◆ **REQUIREMENT**:
Transcribe all of the data exactly. Images stay out.

◆ **RECORDED INFORMATION**:
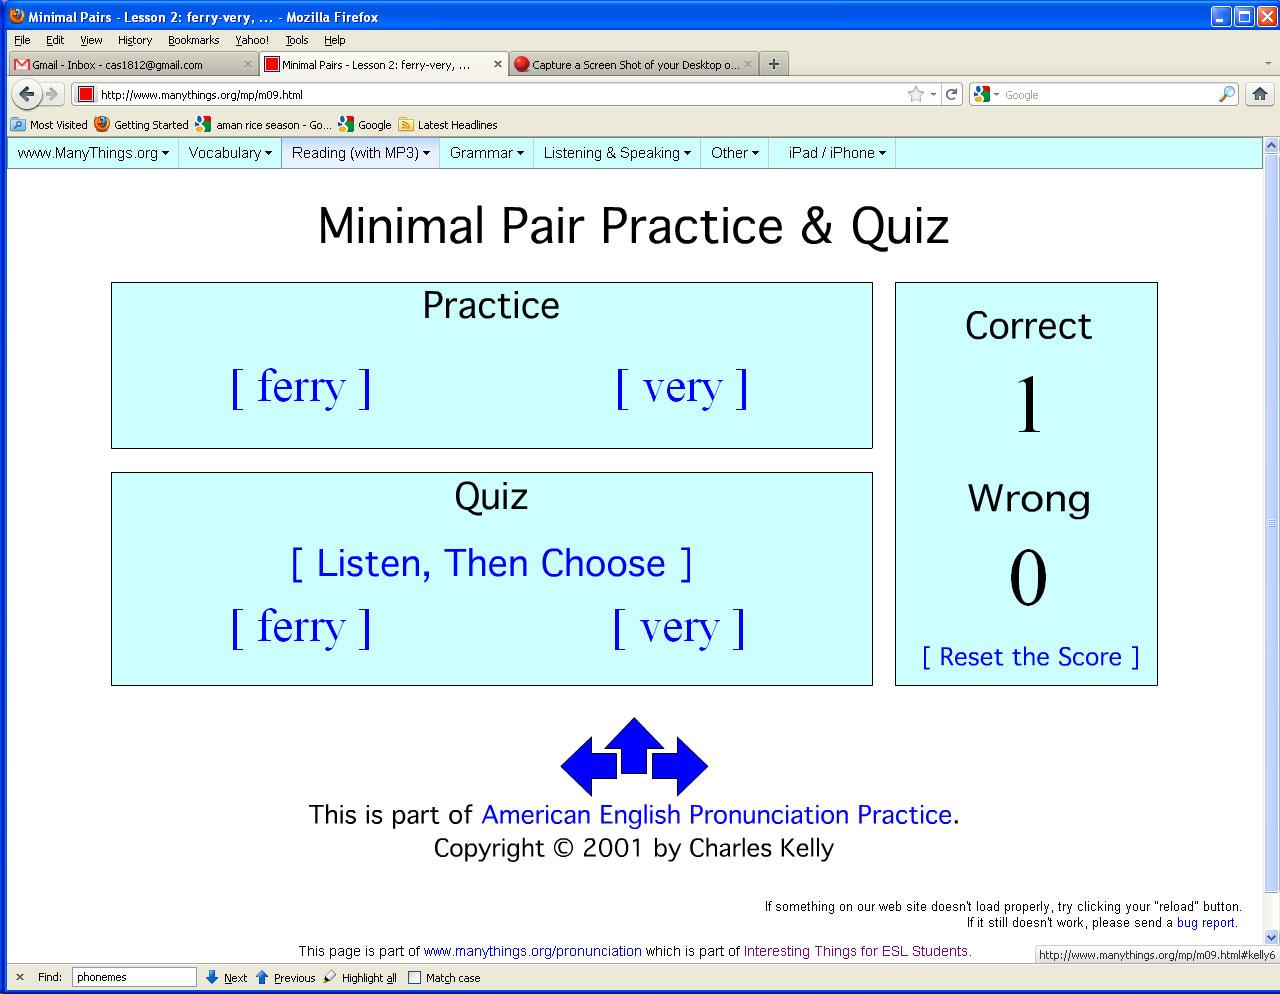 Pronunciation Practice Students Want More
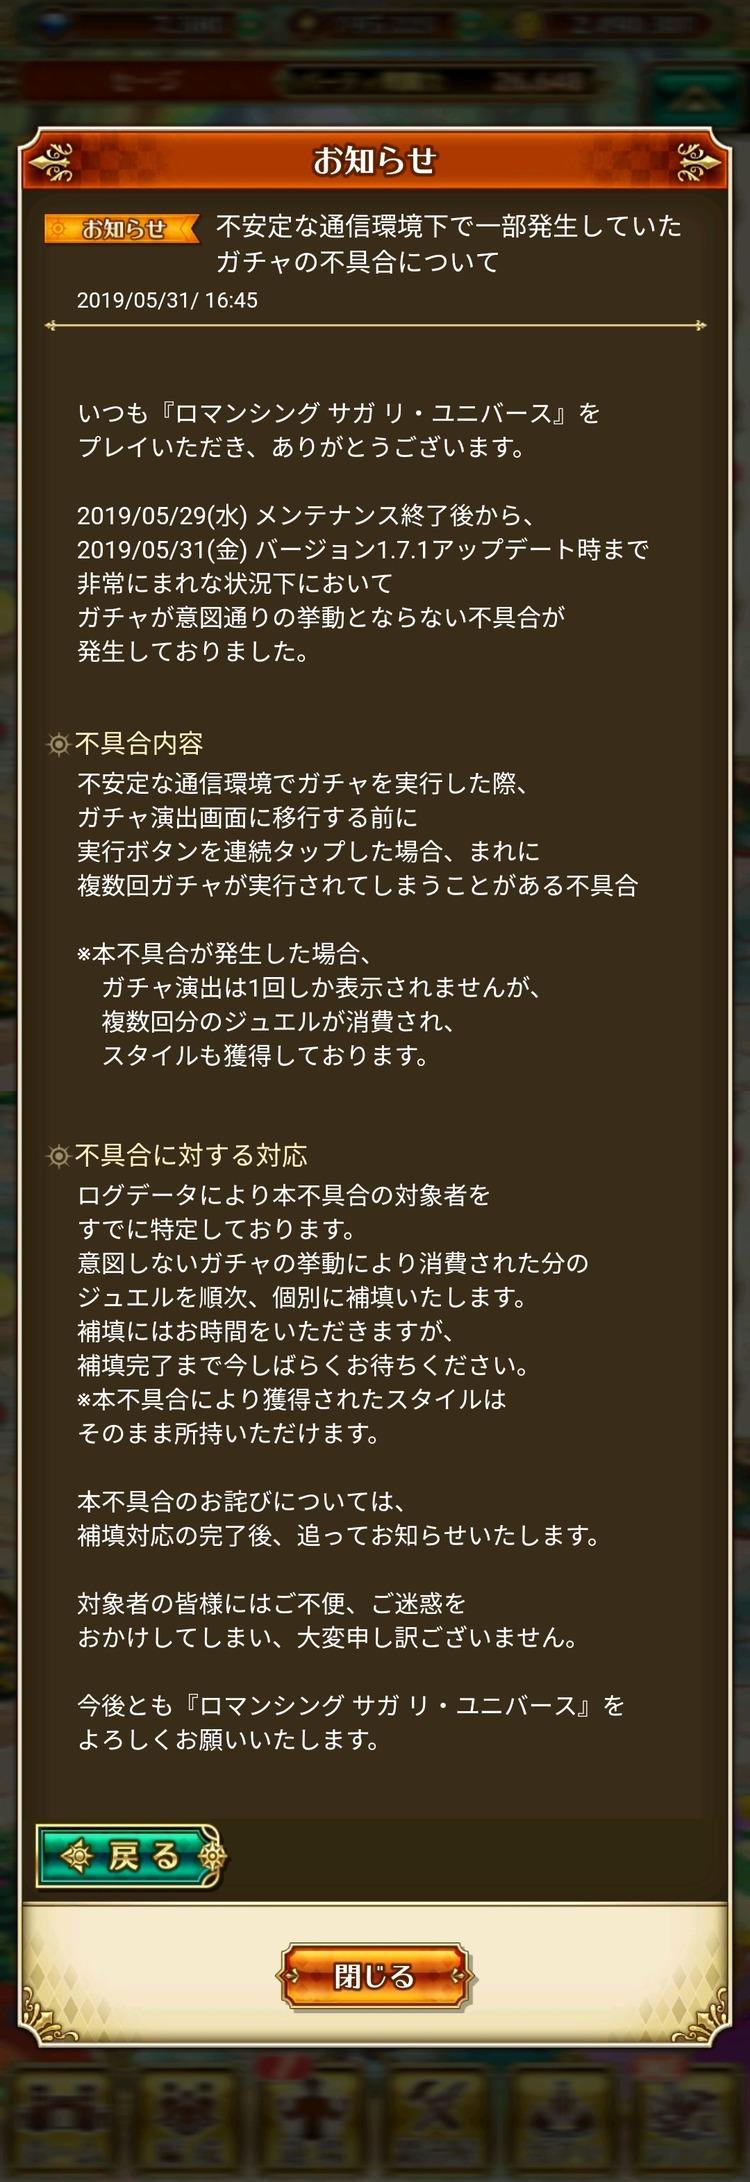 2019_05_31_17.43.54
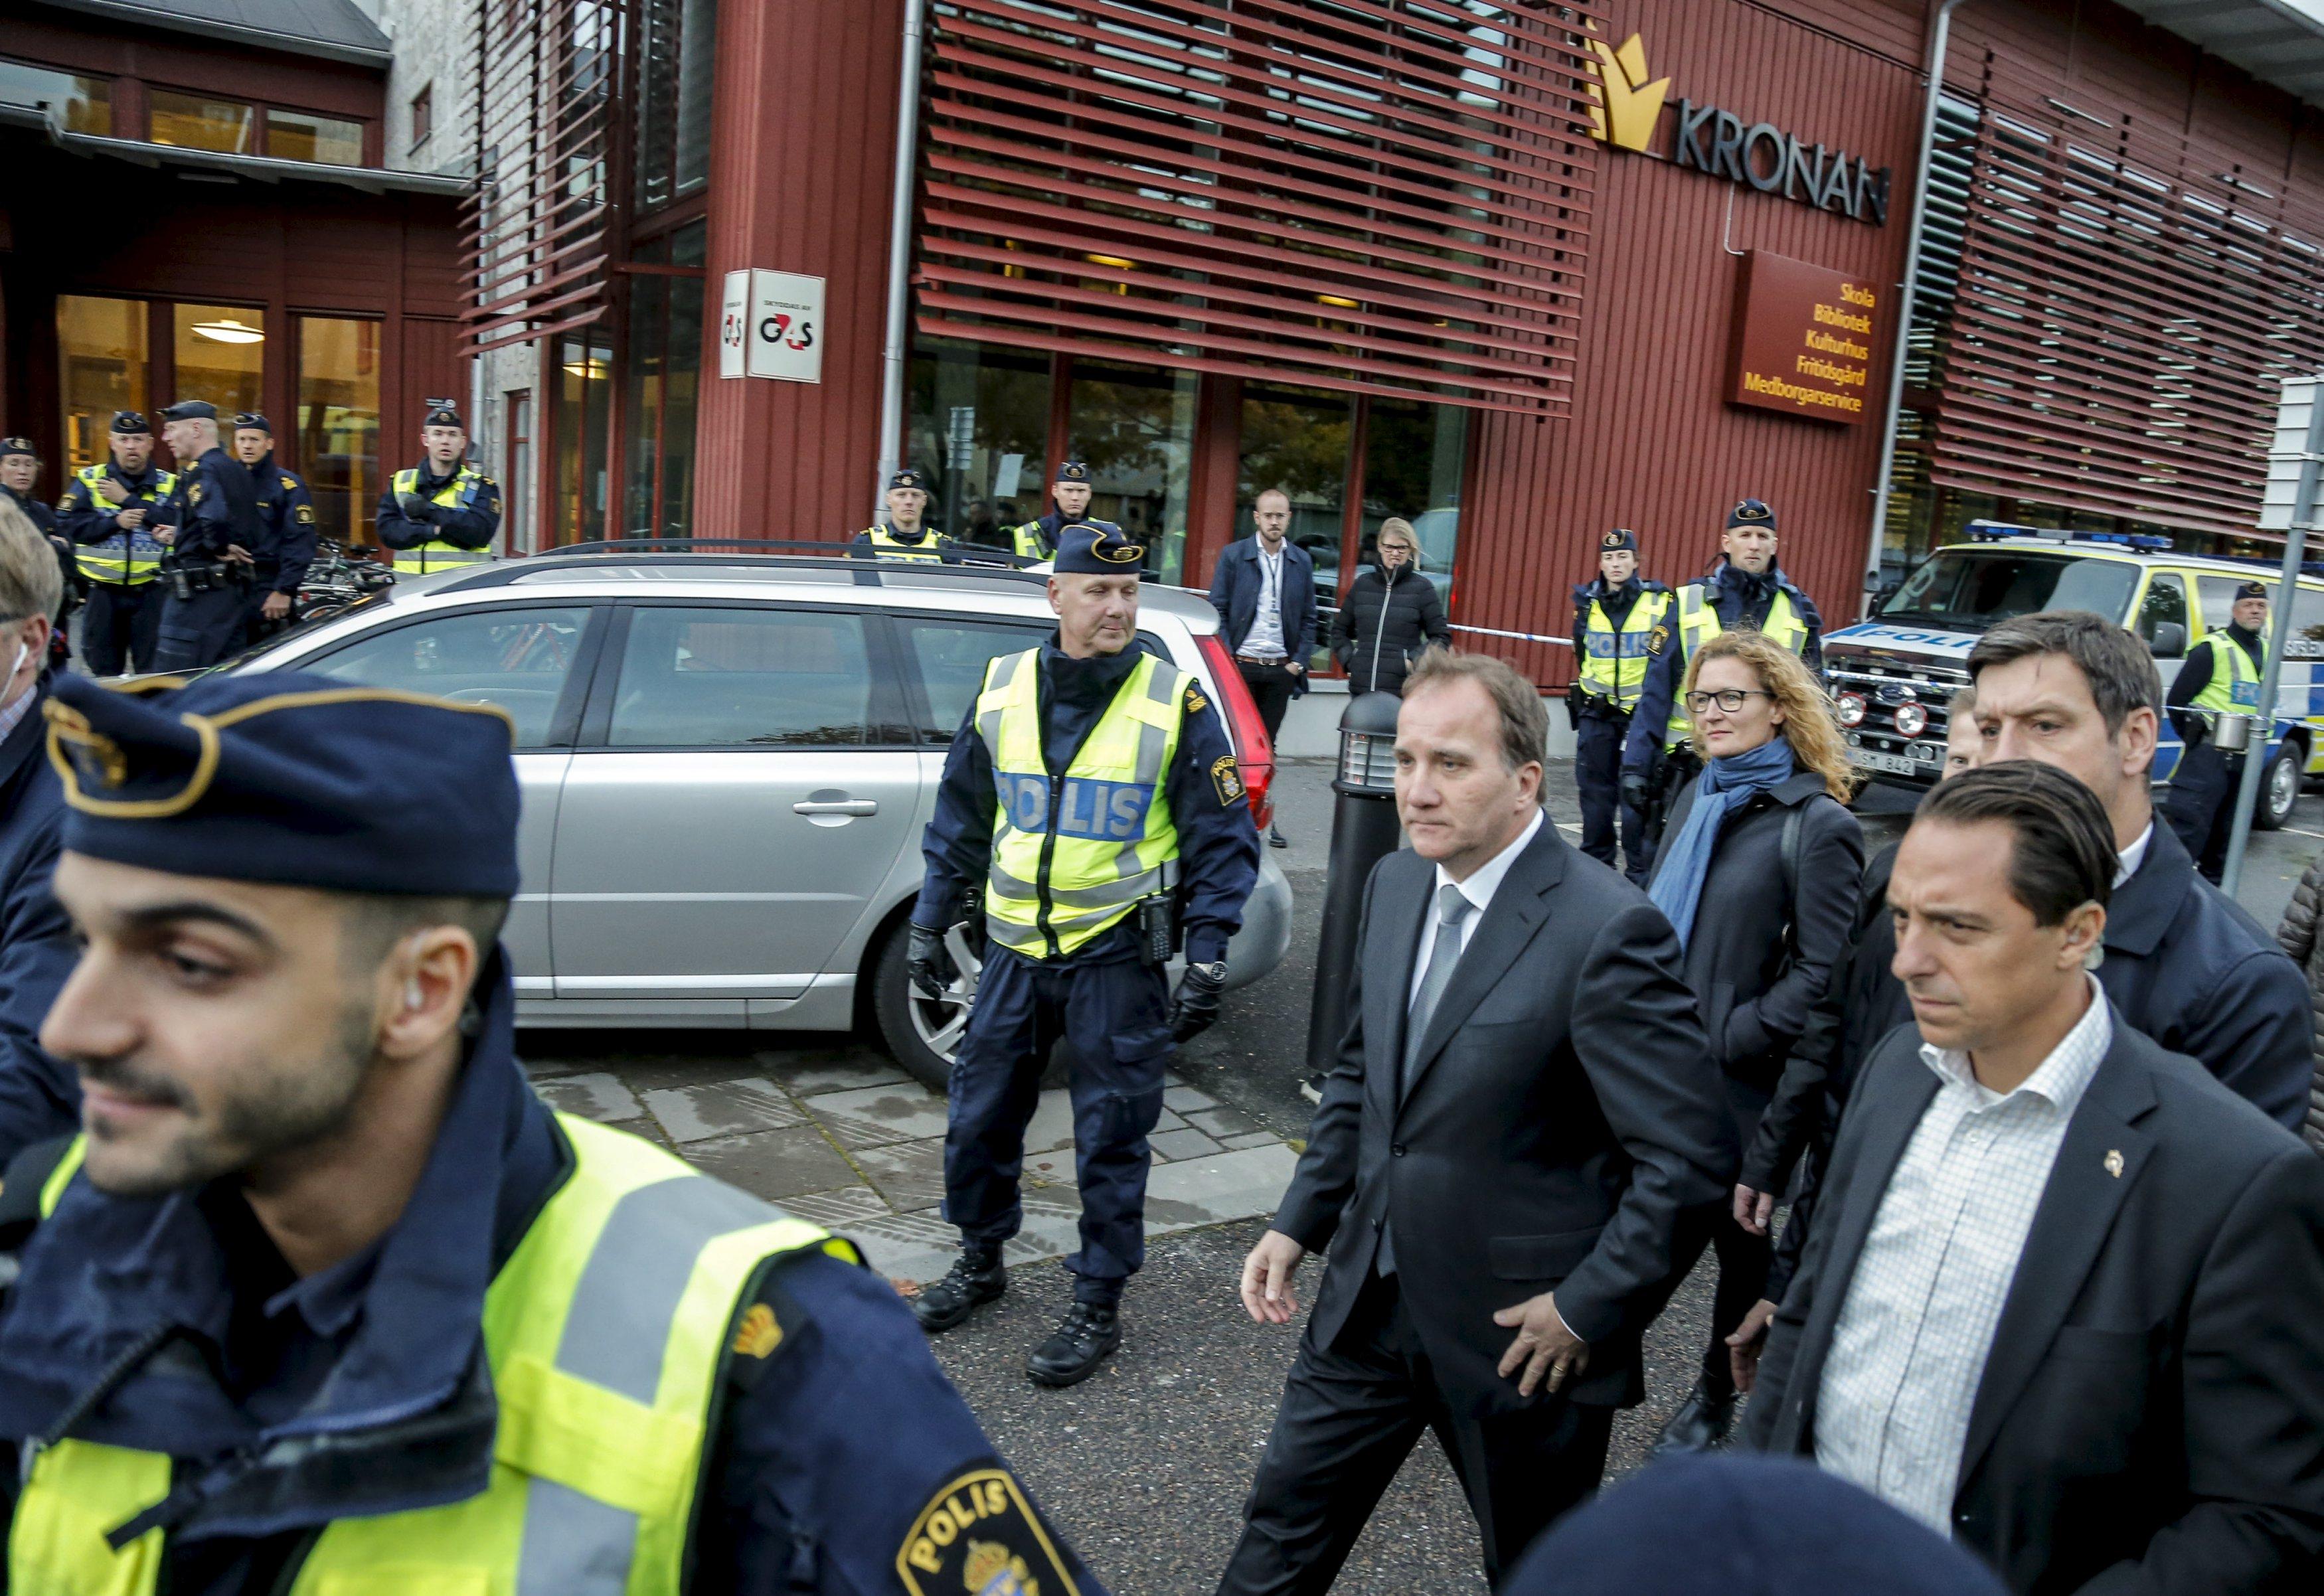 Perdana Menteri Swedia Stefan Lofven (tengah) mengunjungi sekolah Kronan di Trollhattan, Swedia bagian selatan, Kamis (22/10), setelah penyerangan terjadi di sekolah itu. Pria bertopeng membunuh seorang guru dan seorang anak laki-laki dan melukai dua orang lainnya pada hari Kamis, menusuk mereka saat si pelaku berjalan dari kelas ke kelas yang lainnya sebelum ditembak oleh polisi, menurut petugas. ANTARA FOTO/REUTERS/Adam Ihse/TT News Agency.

◆ **ANSWER**:
 Pronunciation Practice Students Want More
 2019_05_31_17.43.54
 Perdana Menteri Swedia Stefan Lofven (tengah) mengunjungi sekolah Kronan di Trollhattan, Swedia bagian selatan, Kamis (22/10), setelah penyerangan terjadi di sekolah itu. Pria bertopeng membunuh seorang guru dan seorang anak laki-laki dan melukai dua orang lainnya pada hari Kamis, menusuk mereka saat si pelaku berjalan dari kelas ke kelas yang lainnya sebelum ditembak oleh polisi, menurut petugas. ANTARA FOTO/REUTERS/Adam Ihse/TT News Agency.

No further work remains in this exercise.